《MUMEI》
大河の流れ 7
「んんん・・・」

紗希はゆっくり目を覚ました。下は砂浜。なぜか海辺でうつ伏せに寝ている。

「ハッ!」

よく見ると、自分の両手首はバイクの後ろにガッチリと拘束されている。周囲を見ると、犯人グループに囲まれていた。10人はいる。彼女はセクシーなビキニの水着姿だ。

「お目覚めかな、刑事さん?」

「ほどきなさい!」

強気に言い放ったが、紗希は内心では焦っていた。

「刑事さん。俺たちが犯人とバレてしまったら、しょうがねえ。おい」

主犯はバイクの男に言った。

「一周してきな」

「え?」紗希は慌てた。この格好で引きずられたら体をボロボロにされてしまう。「待ちなさい!」

「うるせえよ、行っていいぞ」

ここは許してもらうしかない。

「待って、待って!」紗希は両脚をバタバタさせて叫んだ。「それだけはやめて、言うことは聞きますから」

哀願に満ちた目で見つめられて、主犯はほくそ笑んだ。

「言うこと聞くって本当か?」

紗希は唇を噛むと、無念の表情で頷いた。女が言うこと聞くと言えば、一つしかない。

「よーし、刑事である前に女の子だからな。体を傷だらけにするのだけは勘弁してあげよう」

男たちは紗希の戒めをほどくと、強引に仰向けにした。美しい紗希の水着姿に犯人たちは興奮した。しかしその一瞬の油断をついて、紗希が目の前の男の後頭部にハイキック!

「がっ・・・」

立ち上がりざまに主犯のレバーにミドルキック、背後から襲いかかる敵にバックキック! ヘルメットを奪ってバイクの男の顔面を殴打!

紗希はバイクに飛び乗ると、逃走した。

「あああ、待て!」

「逃がすか!」

せっかく捕えた美しき獲物を逃がすものかと、狼の群れはバイクに乗って一斉に追いかける。紗希は犯人逮捕よりも、まずは身の安全を優先しようと必死に逃走した。多勢に無勢だ。今度捕まったら本当に何をされるかわからない。

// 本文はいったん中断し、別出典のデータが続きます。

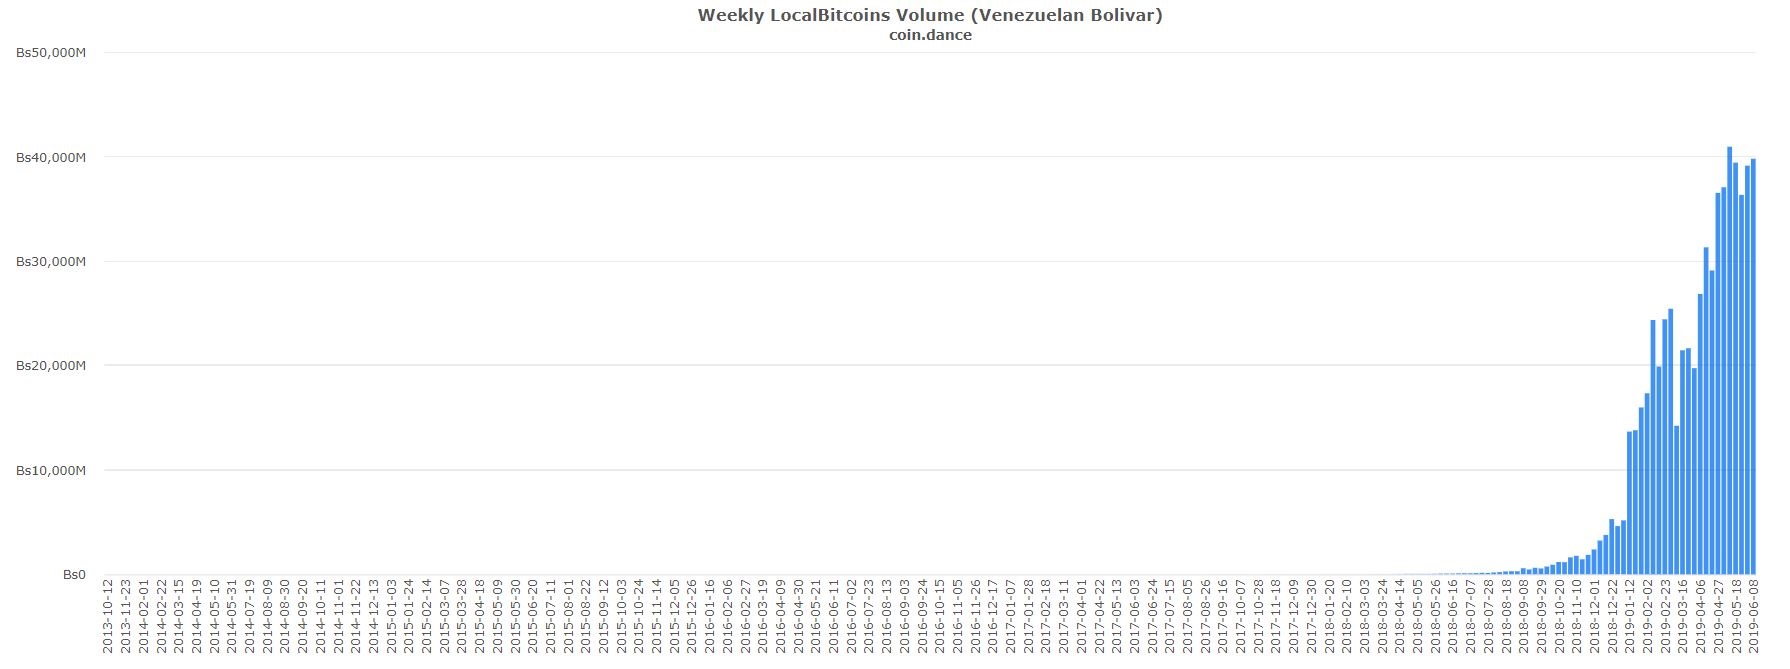 Bitcoin Volumes on LocalBitcoins Venezuela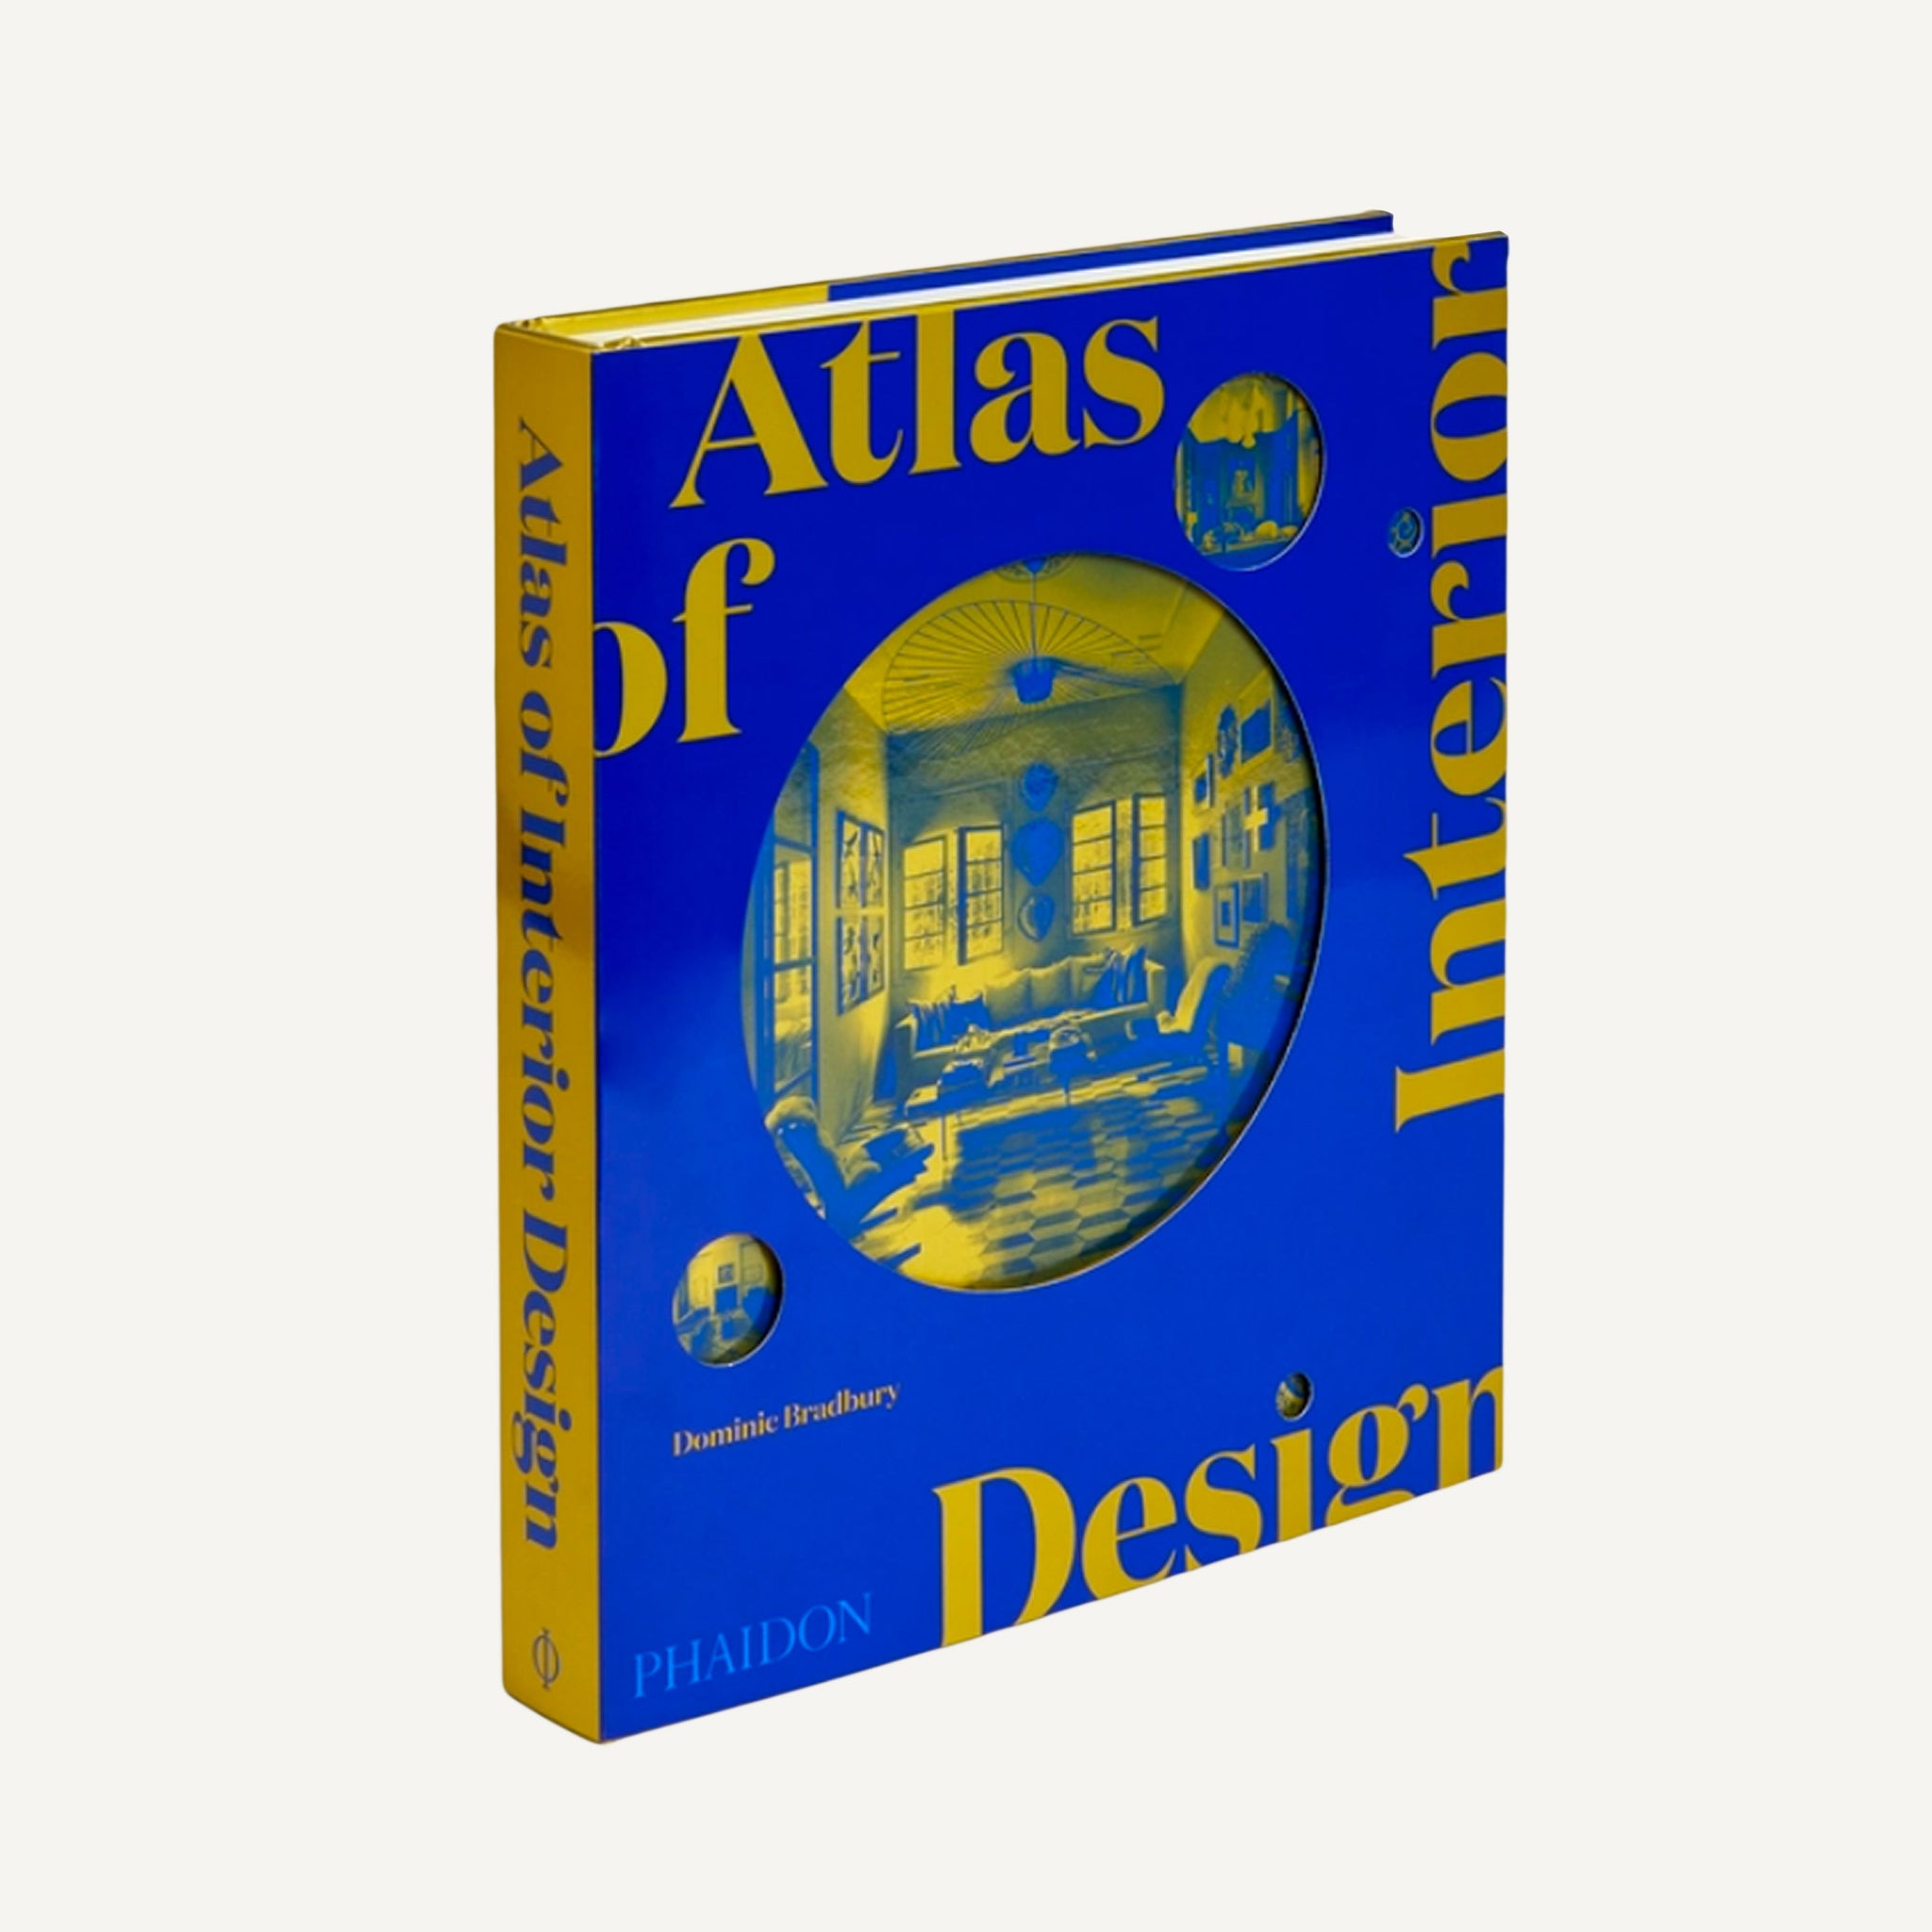 ATLAS OF INTERIOR DESIGN: DOMINIC BRADBURY

テレビ画面には、つづくの表示。夢のクリニックで賢吾とテレビを見ていた美紀が、笑顔で呟いた。

「紗希チャン、カッコイイなあ」

「何や、ファンなんか?」

「結構見てますよ、彼女が出るドラマや映画は」

「ほう」賢吾が感心した。「ええ子やからな。今度紹介しよう」

「またまたあ」

美紀が笑うと、賢吾は真顔で言った。

「ワイを誰思うてんねん」

「誰なんですか?」

「紗希のことは個人的に知っとるよ」

「本当ですか?」美紀は驚いた。「顔広いんですね」

「人の顔面見て顔広いって、ほっとけちゅうねん!」

「人脈のことですよう」

美紀が口を尖らせると、賢吾は小声で言った。

「口を尖らせるのは小悪魔ポーズやど」

「はい?」

賢吾はリモコンを手にした。

「しかしヒロインのピンチシーンが短過ぎやしないか?」

「短いとダメなんですか?」

真顔で聞かれて、賢吾はテレビを消した。